8. A data push device, characterized in that, The device includes: A data acquisition module, configured to collect response time data of the user-side data push interface according to the time bucket aggregation technology, and collect throughput data of the user-side data push interface according to the sliding window technology; A machine learning module, configured to decompose the response time data and the throughput data into a trend part and a residual part based on the time series decomposition technology, perform multi-dimensional feature extraction on the trend part and the residual part respectively to determine corresponding trend features and residual features, combine the trend features and the residual features, perform feature selection on the feature vector after the feature combination according to the preset recursive feature elimination algorithm to determine corresponding interface performance characteristics, and train an initial model based on the interface performance characteristics to determine a corresponding interface performance prediction model, where the trend feature represents the long-term change trend feature, and the residual feature represents the random fluctuation feature outside the trend feature; The queue management module is used to perform secondary fine-grained performance prediction on the client interface according to a preset time interval and the interface performance prediction model, determine the corresponding first interface performance prediction data and second interface performance prediction data, determine the corresponding first-level queue according to the first interface performance prediction data and the first message queue matching rule, determine the corresponding second-level queue according to the second interface performance prediction data and the second message queue matching rule, determine the corresponding message push queue according to the first-level queue and the second-level queue, and push the push data to the client through the message push queue.

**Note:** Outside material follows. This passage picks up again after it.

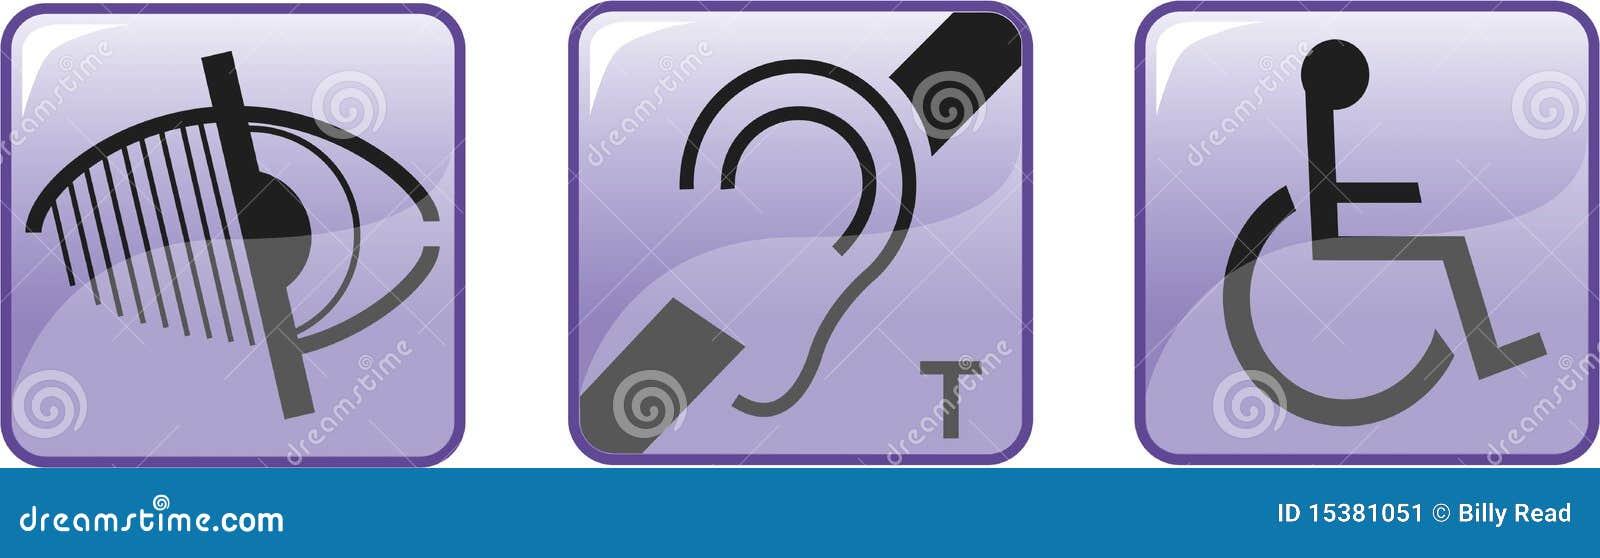 Deaf Blind Disabled Symbols Stock Image Image 15381051

9. An electronic device, comprising a memory, a processor, and a computer program stored on the memory and executable on the processor, characterized in that, When the processor executes the program, it implements the steps of the data push method according to any one of claims 1 to 7.

10. A computer-readable storage medium having a computer program stored thereon, characterized in that, When the computer program is executed by the processor, it implements the steps of the data push method according to any one of claims 1 to 7.